AUTHOR=Qiu Binxu , Shen Zixiong , Yang Dongliang , Wang Quan TITLE=Applying machine learning techniques to predict the risk of lung metastases from rectal cancer: a real-world retrospective study JOURNAL=Frontiers in Oncology VOLUME=13 YEAR=2023 URL=https://www.frontiersin.org/journals/oncology/articles/10.3389/fonc.2023.1183072 DOI=10.3389/fonc.2023.1183072 ISSN=2234-943X ABSTRACT=Background

Metastasis in the lungs is common in patients with rectal cancer, and it can have severe consequences on their survival and quality of life. Therefore, it is essential to identify patients who may be at risk of developing lung metastasis from rectal cancer.

Methods

In this study, we utilized eight machine-learning methods to create a model for predicting the risk of lung metastasis in patients with rectal cancer. Our cohort consisted of 27,180 rectal cancer patients selected from the Surveillance, Epidemiology and End Results (SEER) database between 2010 and 2017 for model development. Additionally, we validated our models using 1118 rectal cancer patients from a Chinese hospital to evaluate model performance and generalizability. We assessed our models’ performance using various metrics, including the area under the curve (AUC), the area under the precision-recall curve (AUPR), the Matthews Correlation Coefficient (MCC), decision curve analysis (DCA), and calibration curves. Finally, we applied the best model to develop a web-based calculator for predicting the risk of lung metastasis in patients with rectal cancer.

Result

Our study employed tenfold cross-validation to assess the performance of eight machine-learning models for predicting the risk of lung metastasis in patients with rectal cancer. The AUC values ranged from 0.73 to 0.96 in the training set, with the extreme gradient boosting (XGB) model achieving the highest AUC value of 0.96. Moreover, the XGB model obtained the best AUPR and MCC in the training set, reaching 0.98 and 0.88, respectively. We found that the XGB model demonstrated the best predictive power, achieving an AUC of 0.87, an AUPR of 0.60, an accuracy of 0.92, and a sensitivity of 0.93 in the internal test set. Furthermore, the XGB model was evaluated in the external test set and achieved an AUC of 0.91, an AUPR of 0.63, an accuracy of 0.93, a sensitivity of 0.92, and a specificity of 0.93. The XGB model obtained the highest MCC in the internal test set and external validation set, with 0.61 and 0.68, respectively. Based on the DCA and calibration curve analysis, the XGB model had better clinical decision-making ability and predictive power than the other seven models.
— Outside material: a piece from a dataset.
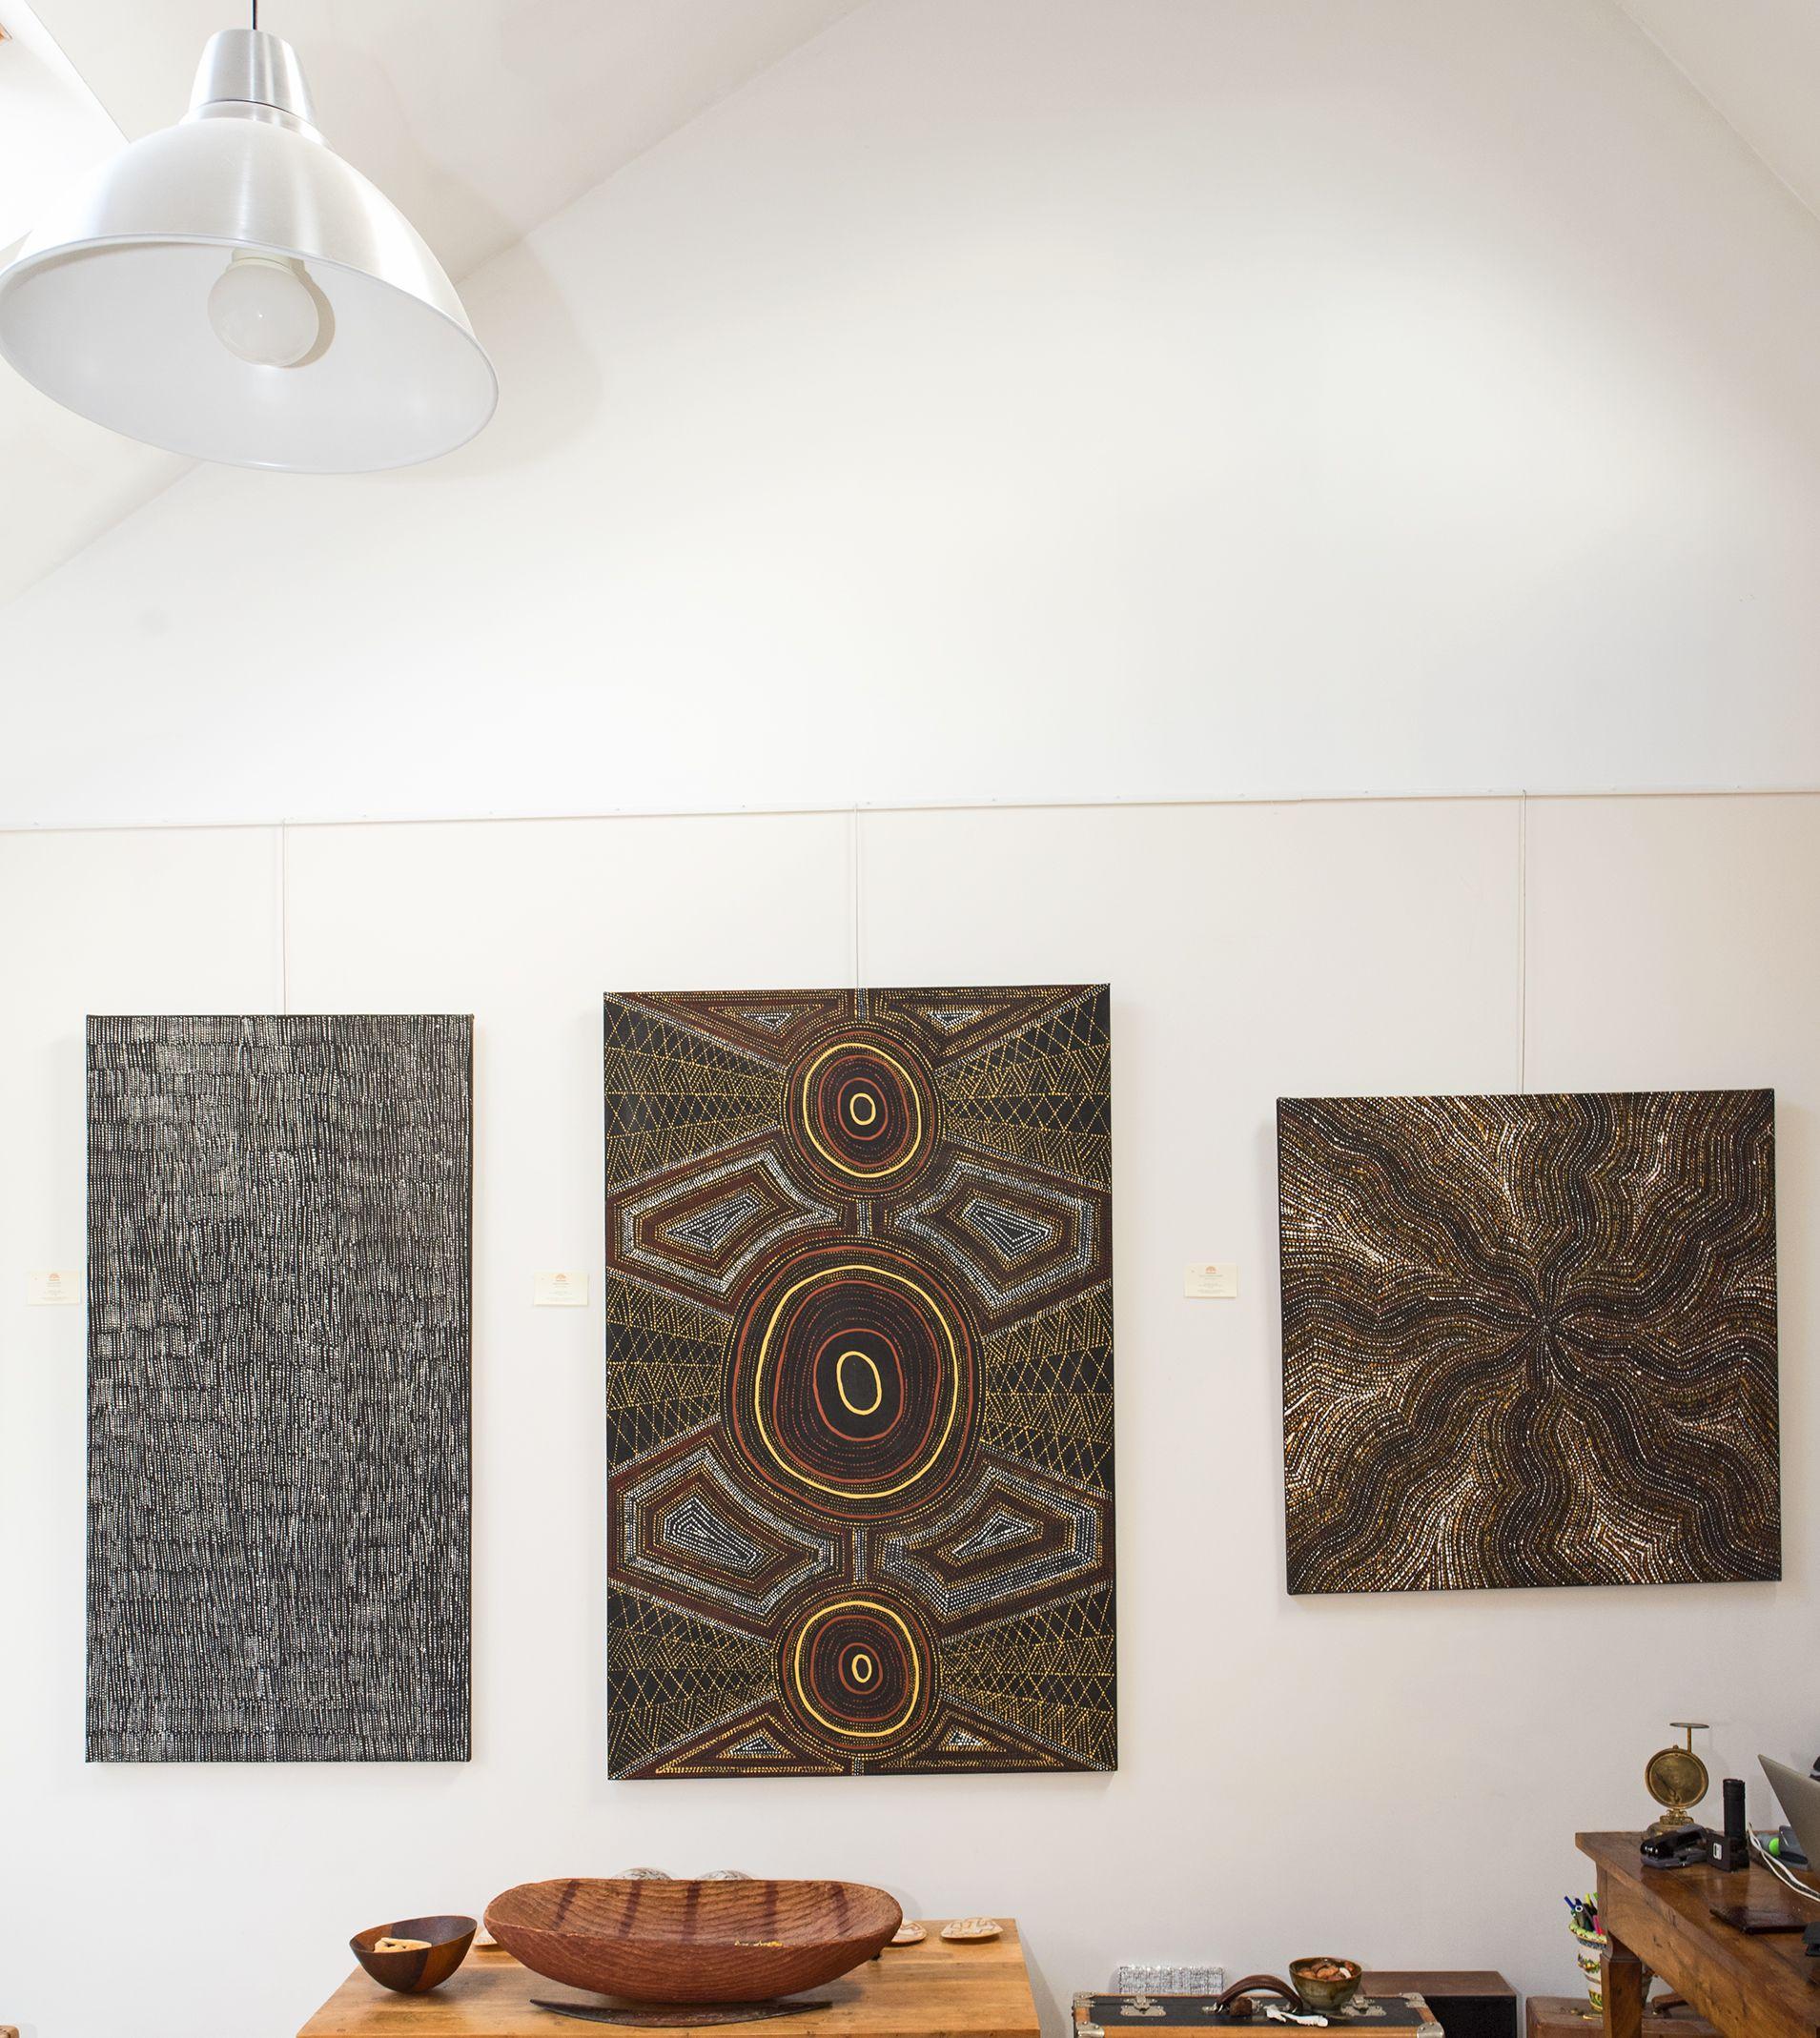 Vue de l'exposition d'art Aborigène Gems in a Patchwork jusqu'au 16 décembre à Bruxelles. © Photo : Aboriginal Signature gallery, with the courtesy of the artists and the art centres.

Lastly, we developed an online web calculator using the XGB model to assist doctors in making informed decisions and to facilitate the model’s wider adoption (https://share.streamlit.io/woshiwz/rectal_cancer/main/lung.py).

Conclusion

In this study, we developed an XGB model based on clinicopathological information to predict the risk of lung metastasis in patients with rectal cancer, which may help physicians make clinical decisions.